Imagine that the software system is a physical thing. Its shape isn't really
concretely describable, its like a physical version of a complex thought. All
of the developers sit in a circle, poking and prodding at the physical thought -
adding new concepts, and changing existing ones.
Just like we have user interfaces for our application users, the code is the
developer's interface to this complex thought. Knowledge processes and tools
help us to manipulate and change the thought.
If I want to make a change, I need to first understand enough of the thought to
know how it would need to change. If I can easily control and manipulate parts
of the thought, and easily observe the consequences, its easier and faster to
build the understanding I need.
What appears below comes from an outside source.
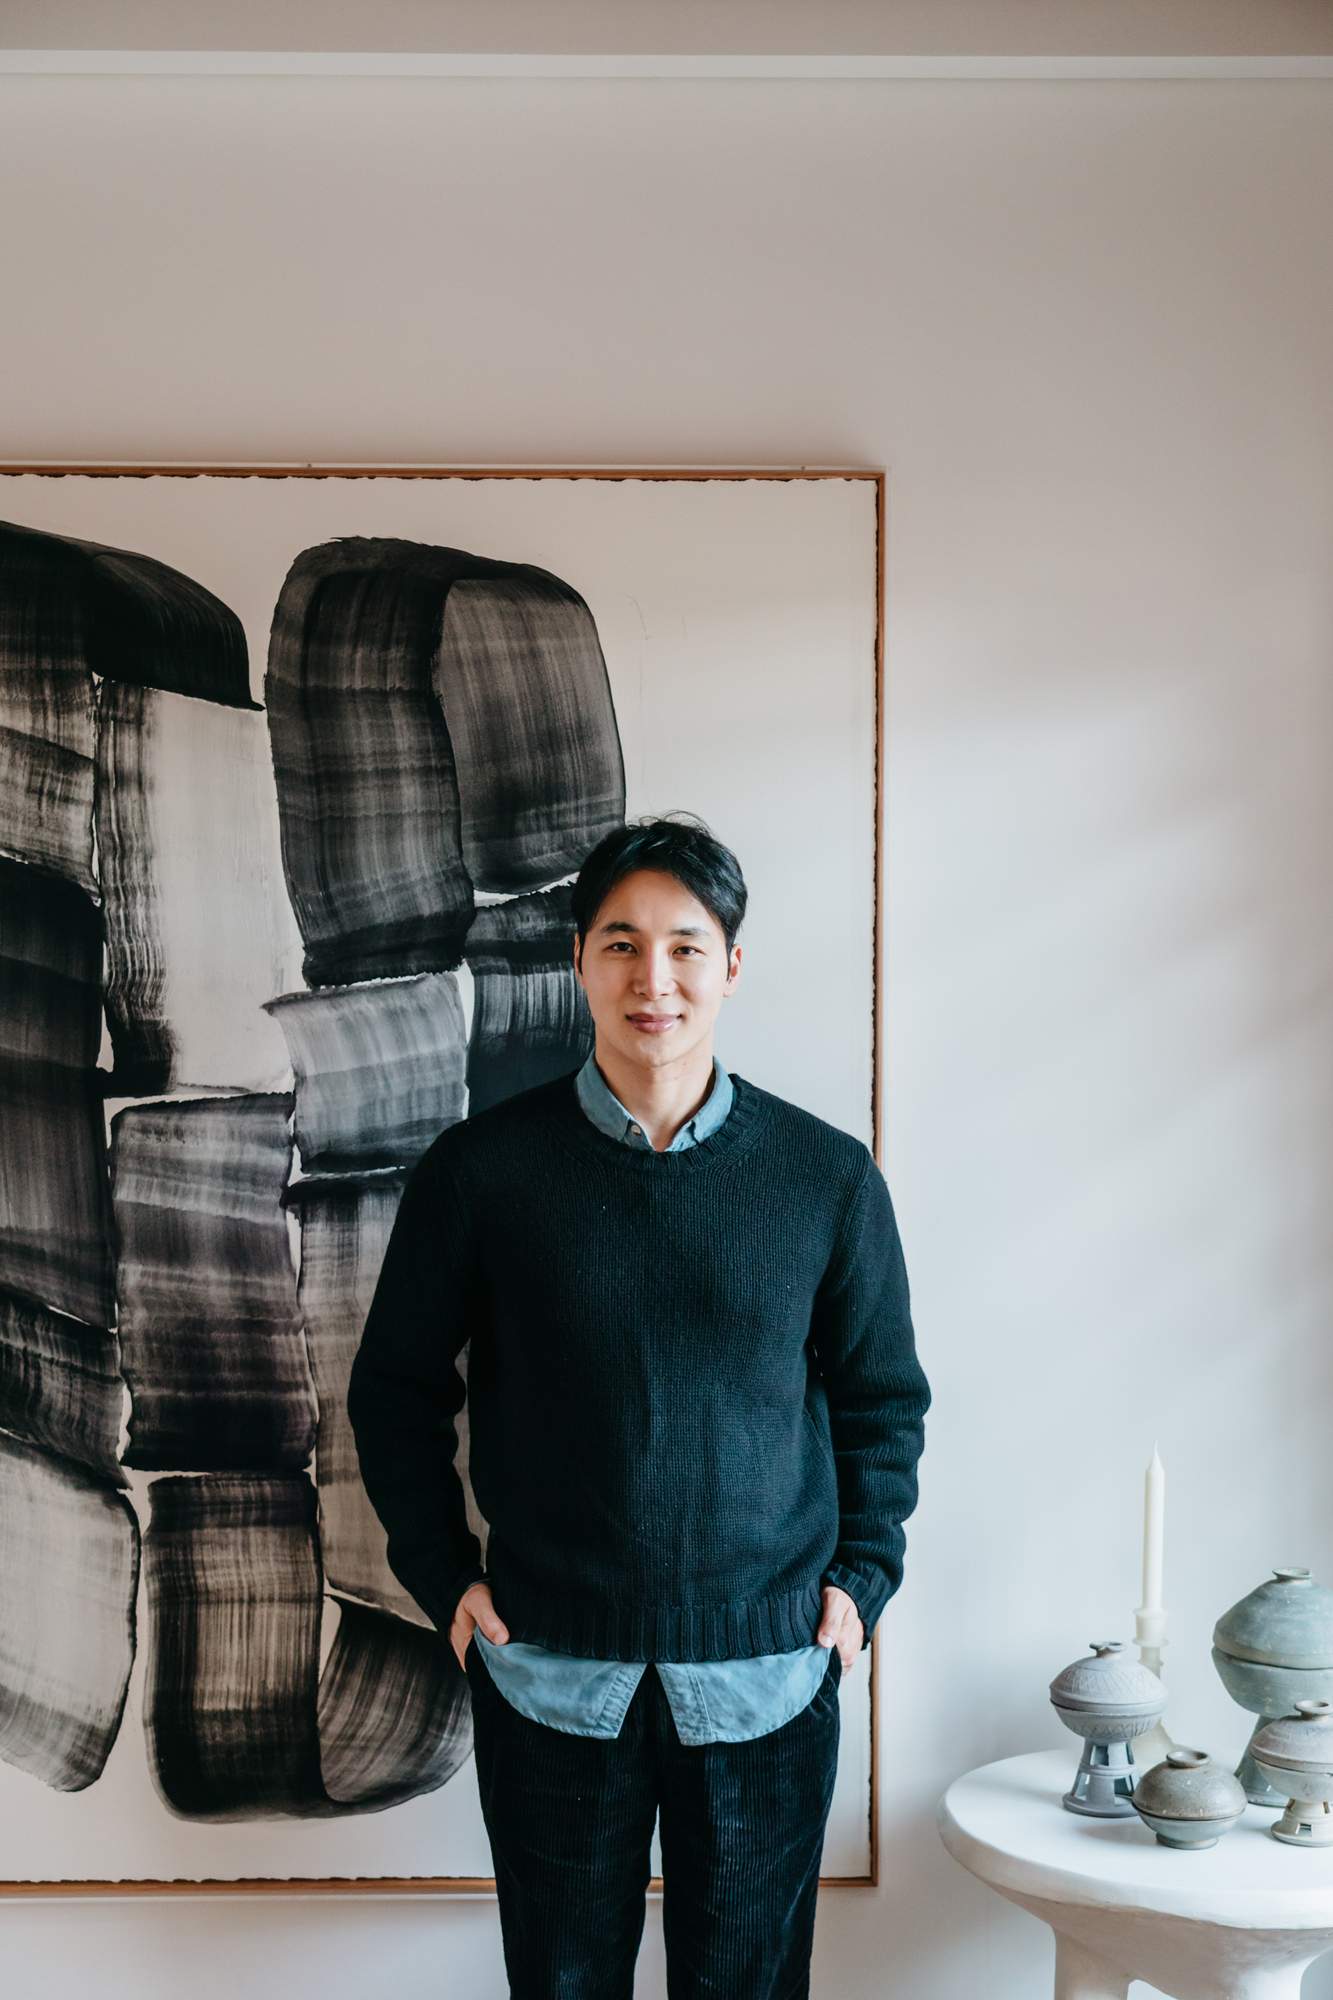 Designer Teo Yang Carries Korean Traditions into the 21st Century

Once I understand, I can start changing the
ideas, and again if I misunderstood something, it would be nice to know as early
as possible what exactly my mistake was, so that I can correct my thinking. If
there were no misunderstandings, the newly modified complex thought is then
In order to collaboratively work on evolving this complex thought, we must also
maintain a shared understanding - more brains involved increases the likelihood
of misunderstandings and likewise mistakes.
So with that model of development work, then think about all of the ideas and
thinking that have to flow through the process in order to support the creation
of this physical idea. Inventory in this context is a half-baked idea, either
sitting in the shelf, or currently in our minds being processed. These ideas
are what we manufacture, but since each idea has to be weaved into a single
complex thought - our tools that we use to control and observe the thought, the
clarity and organization of the thought, the size of the thought, all have a
massive impact on our productivity.
The tools are not the value, the ideas that get baked into this complex thought
are. All of the tooling is just a means to an end. We should strive to do just
enough to support the manufacturing of the idea.
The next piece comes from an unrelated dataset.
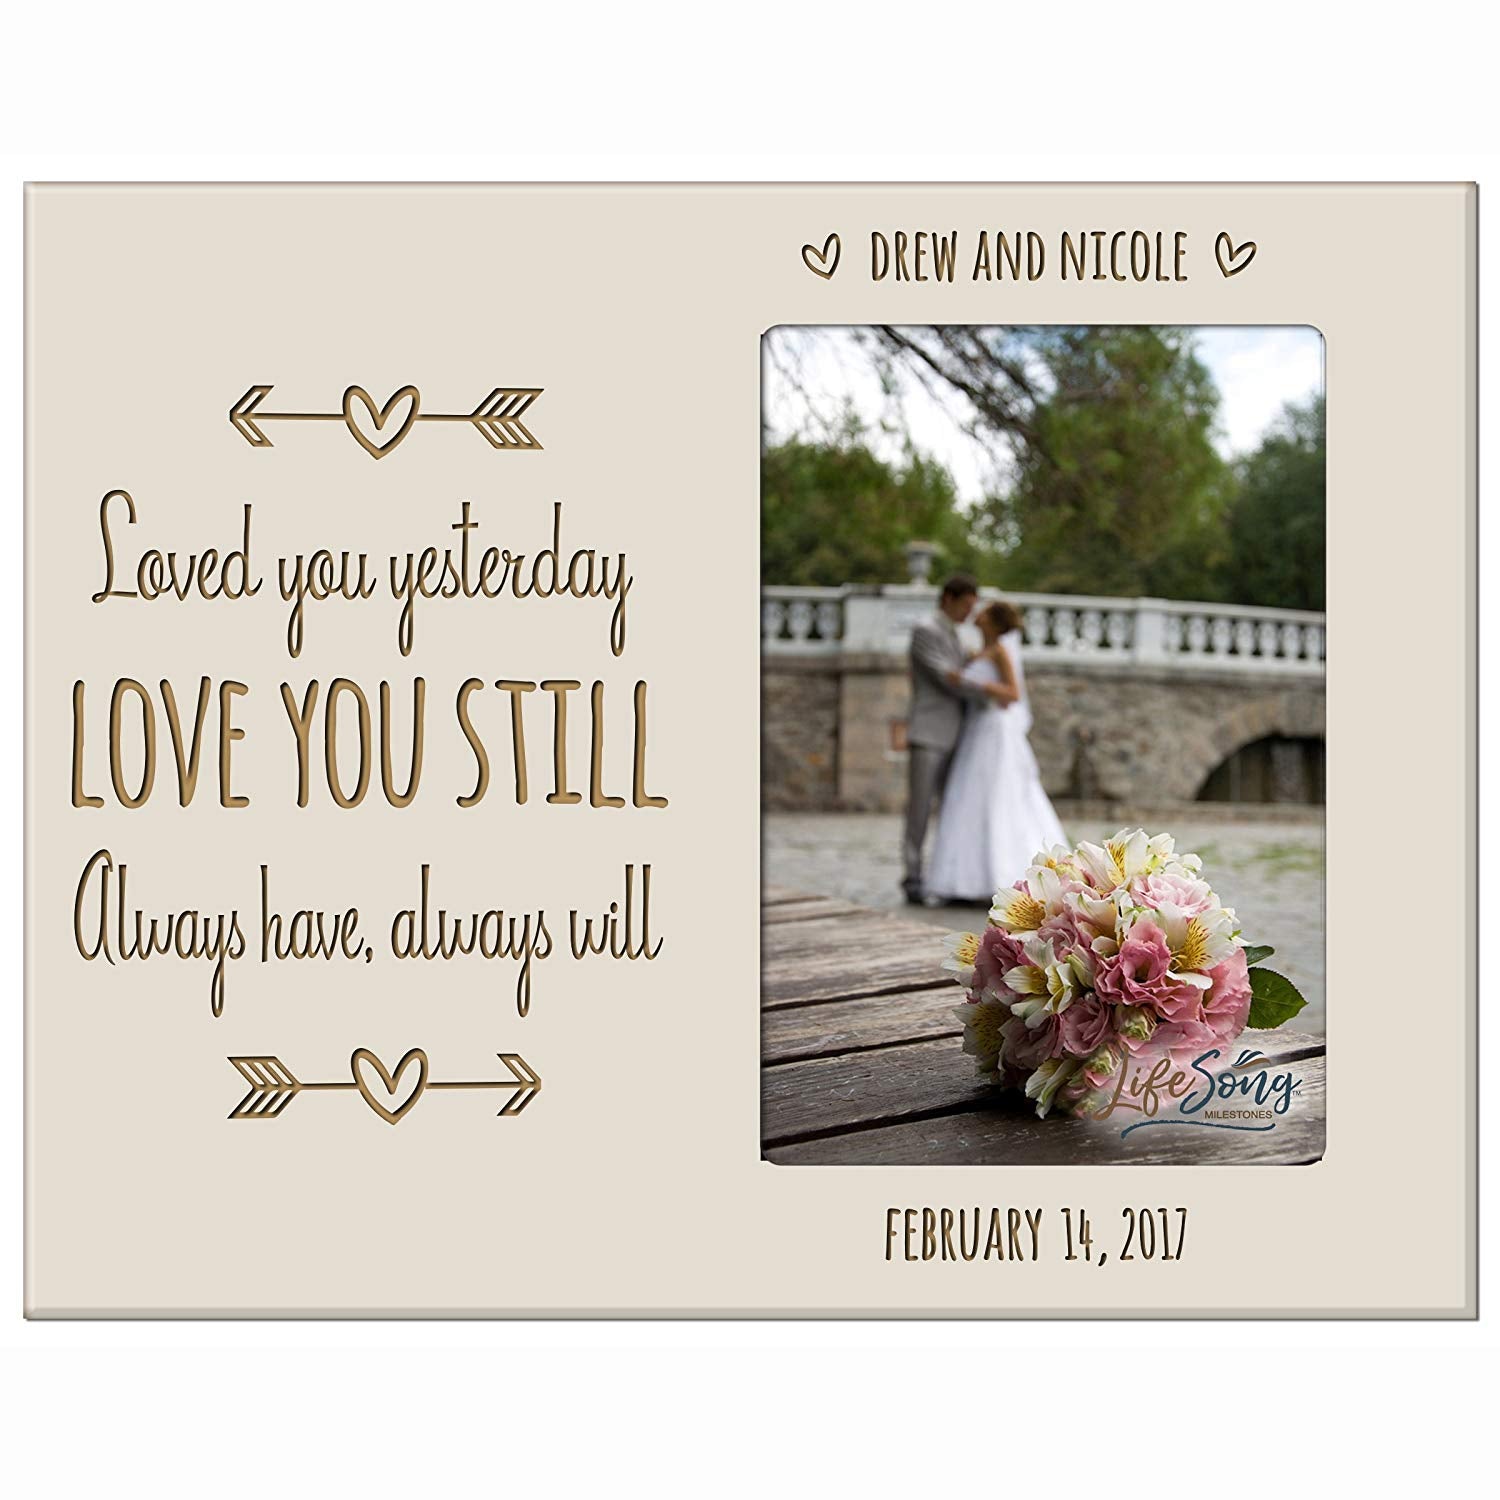 Personalized Valentine's Day Photo Frame - Love You Still - LifeSong Milestones

If you think about creating tests from the mindset of supporting the humans and
these knowledge processes, a lot of what we do with both automated and manual
testing can clearly be seen as waste. An idea that is clear to everyone, for
example, is not one likely to cause misunderstandings and mistakes. We should
first aim to clarify the idea to prevent these misunderstandings. We should
then aim for controllable and observable, as these characteristics allow us to
come to understand more quickly. And when misunderstandings and mistakes are
still likely, we should then use alarms to alert us when we've made a mistake.
False alarms quickly dilute the effectiveness of the useful alarms... thus
taking care in trying to point the human clearly to the mistake, and not raise
unnecessary false alarms is what makes effective tests.
Now think about things like code coverage metrics in this light. This metric
tends to encourage extreme amounts of waste. We forget all about the humans and
fill our systems with ever-ringing false alarms. We tend to only think about
tests breaking in our CI loop, but their real effect is their constancy in
breaking while we try to understand and modify this shared complex thought.
With our test-infected mindsets, we quickly bury the changeability of our ideas
in rigidity, and lose the very agility that we are supposedly aiming for.